Jede/r zehnte Erwerbstätige arbeitet „suchthaft“

17.08.2022
Suchthaftes Arbeiten

 

Bis spät im Büro hocken, zu Hause nochmal die Mails checken – und einfach nicht loslassen können: Rund ein Zehntel der Erwerbstätigen in Deutschland arbeitet suchthaft, wie eine von der Hans-Böckler-Stiftung geförderte Studie ergibt. Sie arbeiten nicht nur sehr viel und schnell und erledigen mehrere Aufgaben prallel, sondern können auch nur mit schlechtem Gewissen freinehmen und nach Feierabend kaum abschalten. Besonders betroffen sind Führungskräfte und Selbstständige. Die Untersuchung zeigt, dass in Betrieben mit Mitbestimmung suchthaftes Arbeiten seltener vorkommt. Betriebsräte helfen dabei, Grenzen zu ziehen und schützen vor Selbstausbeutung.
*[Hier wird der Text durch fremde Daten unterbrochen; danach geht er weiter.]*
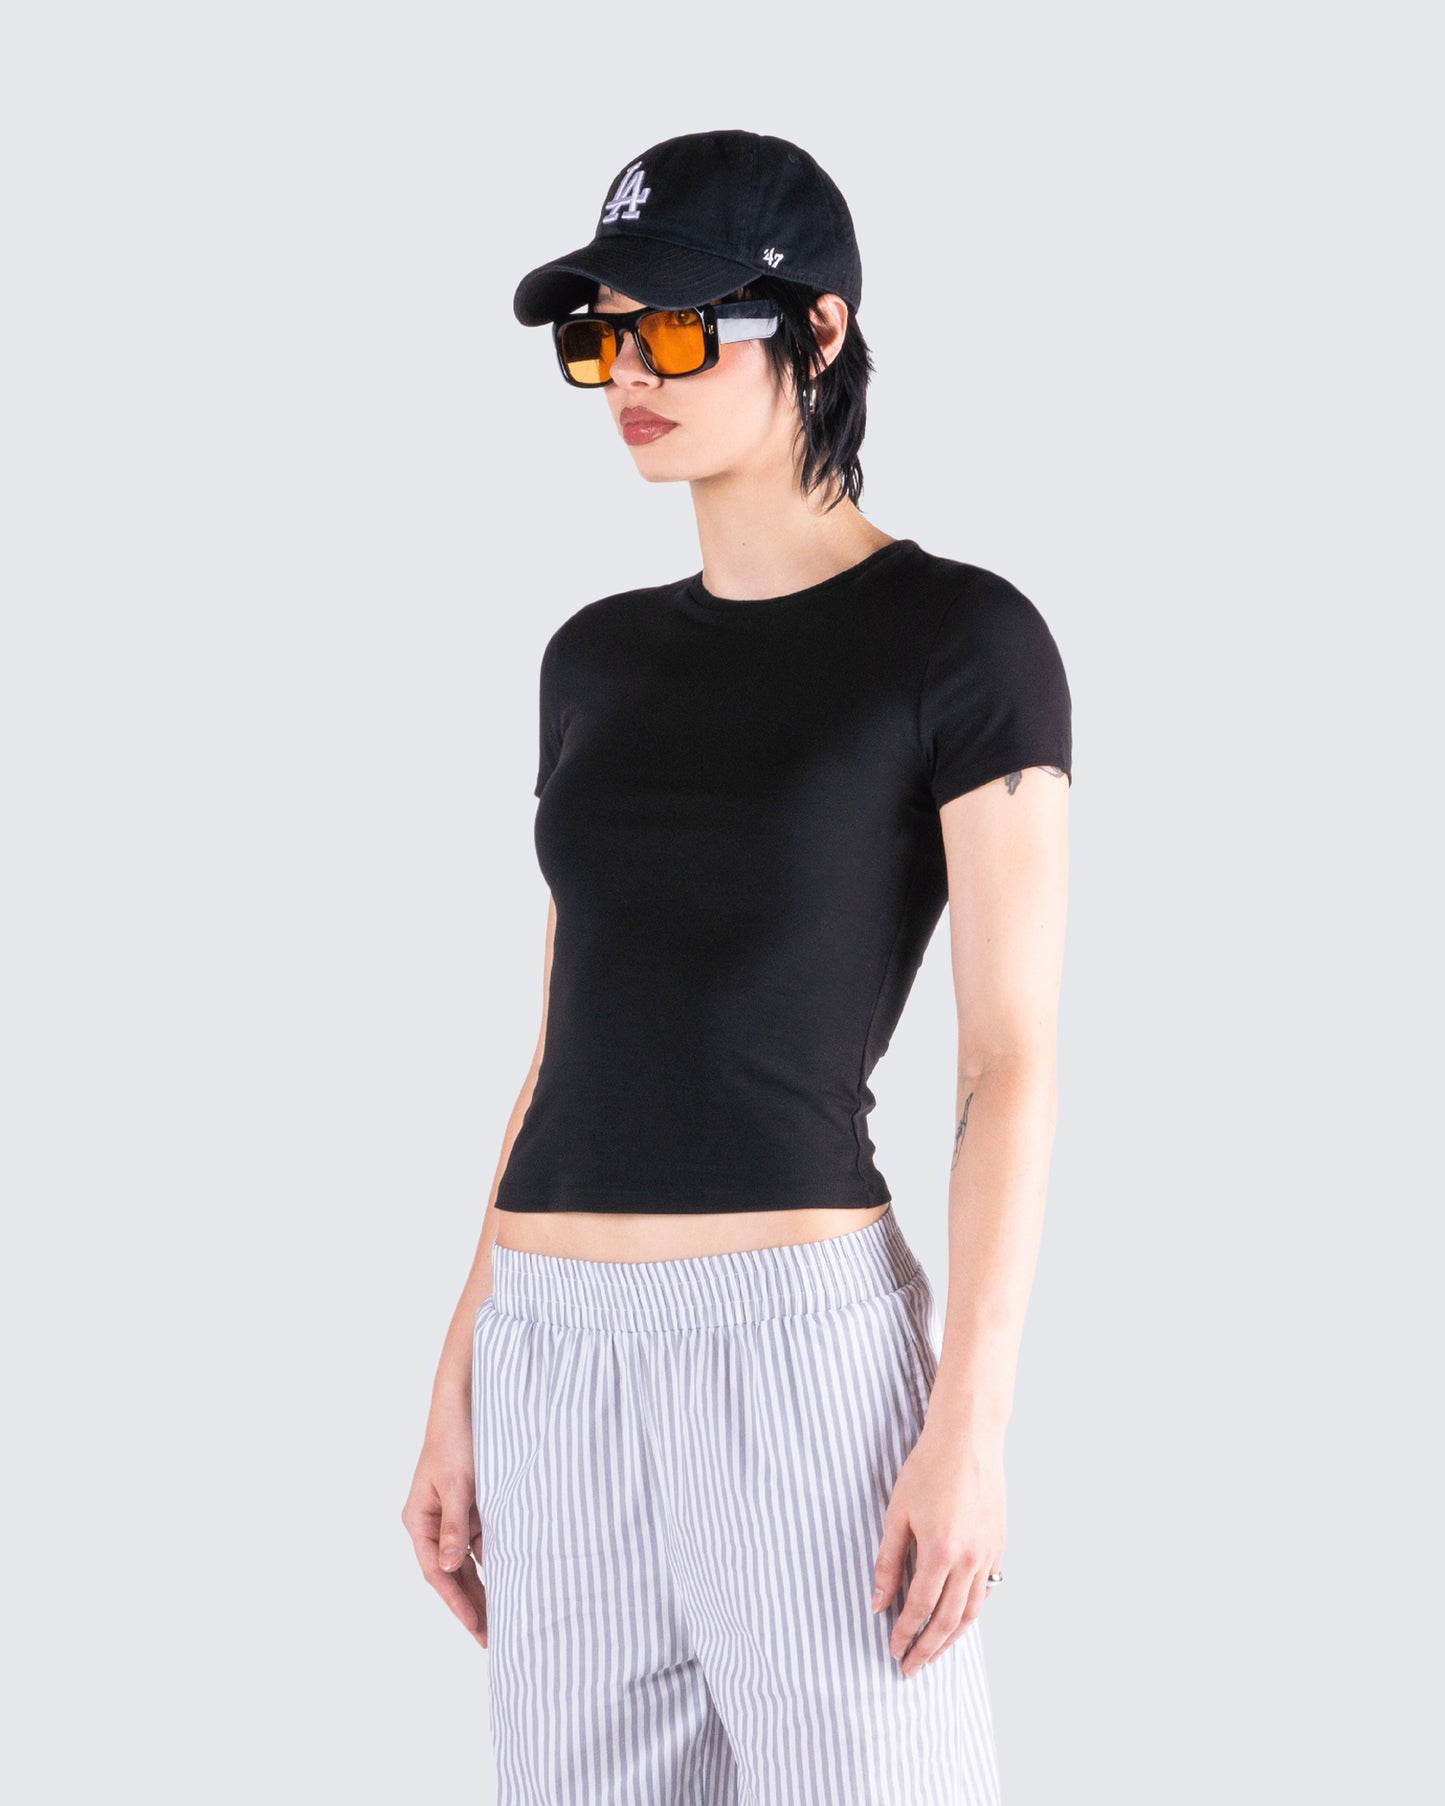 Chell Black Jersey Top

Über gut zwei Jahre haben sich Forschende des Bundesinstituts für Berufsbildung (BIBB) und der Technischen Universität Braunschweig mit Unterstützung der Hans-Böckler-Stiftung den Workaholics gewidmet. Dabei kamen sie zu dem Ergebnis, dass suchthaftes Arbeiten kein Randphänomen ist, das nur eine kleine Gruppe von Führungskräften betrifft. Sondern exzessives und zwanghaftes Arbeiten ist in allen Erwerbstätigengruppen verbreitet. Am wenigsten betroffen sind Informatik, Naturwissenschaft und Geografie. Am häufigsten neigen mit 19 Prozent die Beschäftigten in Land-, Forst-, Tierwirtschaft und Gartenbau zu suchthaftem Arbeiten.

Bei Schulabschluss und Familienstatus zeigen sich keine Zusammenhänge mit der Neigung zu suchthafter Arbeit. Wer eine lange vertragliche Wochenarbeitszeit hat, neigt leicht überdurchschnittlich zur Arbeitssucht. Ob der Vertrag befristet ist oder nicht, spielt hingegen keine Rolle. Allerdings ist die Quote der Workaholics unter Selbstständigen mit 13,9 Prozent besonders hoch. Zudem sind Führungskräfte mit 12,4 stärker betroffen als andere Erwerbstätige, von denen 8,7 Prozent als arbeitssüchtig gelten.

Einen starken Zusammenhang gibt es mit Betriebsgröße und Mitbestimmung. In Großbetrieben ist Arbeitssucht weniger verbreitet als in kleinen Betrieben. Bei Unternehmen mit weniger als zehn Beschäftigten sind 12,3 Prozent davon betroffen, bei mehr als 250 Beschäftigten 8,3 Prozent. In Betrieben mit Betriebsrat arbeiten 8,7 Prozent suchthaft, ohne Mitbestimmung sind es 11,9 Prozent.